Law Society warns that new contract will create too much complexity
Official plans to offer workers tax-friendly shares in exchange for employment rights have been criticised by legal experts as flawed and counter to the government’s approach to small and medium-sized enterprises (SMEs).
The Law Society has written to the House of Lords to ask that it delete the employee-shareholder status from the Growth and Infrastructure Bill currently being considered, to avoid creating more red tape for firms that have come to expect a lightening of their administrative and legal burdens.
Under the proposals, new members of staff will be given at least £2,000 of shares in the company in exchange for giving up their rights relating to unfair dismissal, redundancy, and requests for flexible working and time off for training.
The shares will not attract capital gains tax, but they will be liable to income tax and National Insurance: a situation the chancellor, George Osborne, pledged in his recent autumn statement to address.
Fast-growing businesses will benefit from employee-shareholder contracts – originally called owner-employee – by being able to create a flexible and engaged workforce, claimed Osborne, but the Law Society warned that SMEs will be put off by the complexities of tax and company law.
The organisation’s president, Lucy Scott-Moncrieff, claimed the termination of an individual’s contract would be a particular cause for confusion.
“There is potential for costly litigation on a range of complex issues that are likely to arise when an employee leaves, which runs counter to the government’s stated aim of supporting small and medium-sized enterprises through simpler regulation,” said the human rights specialist, a managing partner with the firm Scott-Moncrieff and Associates.

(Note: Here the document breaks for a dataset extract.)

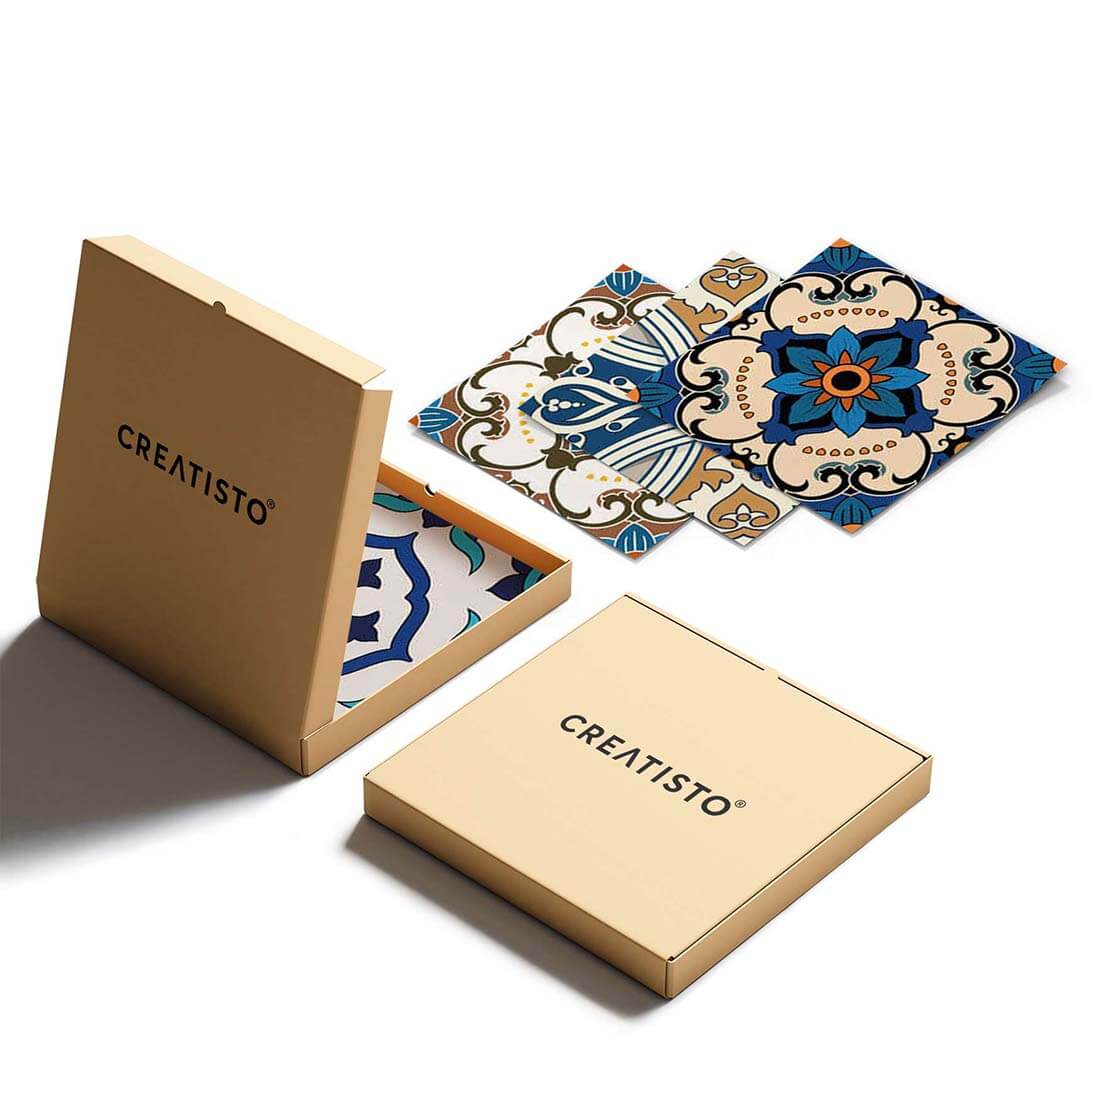 Klebefliesen Lisboa Azulejos - Verpackung - creatisto pds2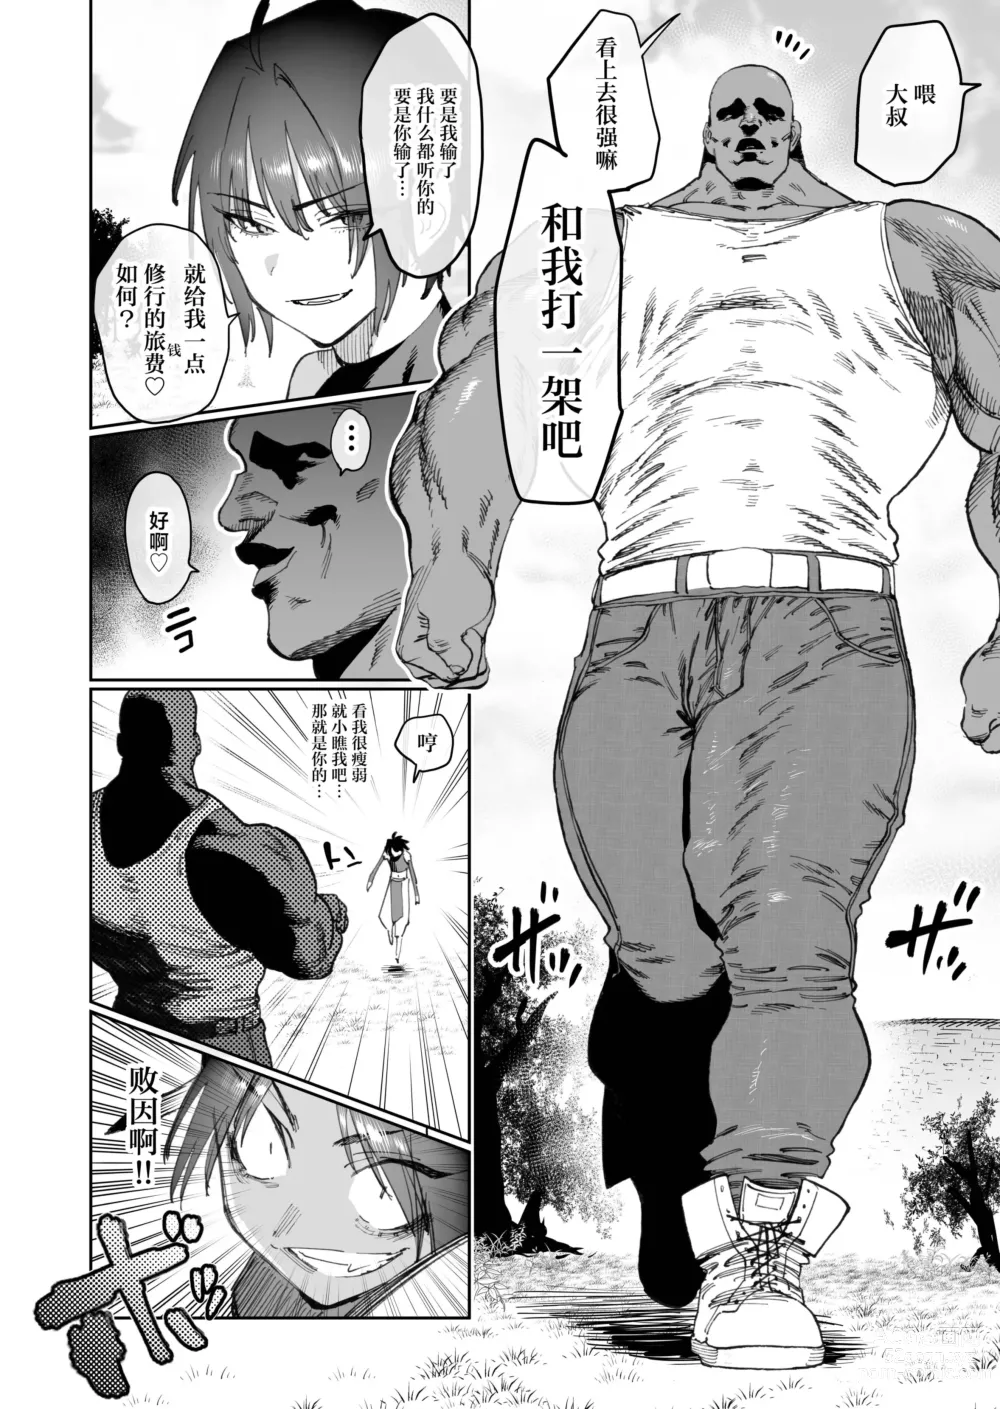 Page 7 of doujinshi 约好要变得更强大而告别的两名战友在2年后重逢时变成了母猪便器这件事

She added that the planned employment status also conflicts with the government’s commitment to family friendly policies by restricting rights to flexible working and demanding 16 weeks’ notice of the intention to return from maternity leave, adoption leave or additional paternity leave, eight weeks earlier than the current standard.
“The proposals are likely to have a discriminatory impact because employers may not be aware of the interaction between the rights being sacrificed and those rights governed by domestic legislation, which still apply to them. Employers would have to take this into consideration in order to avoid allegations of indirect sex discrimination,” said Scott-Moncrieff.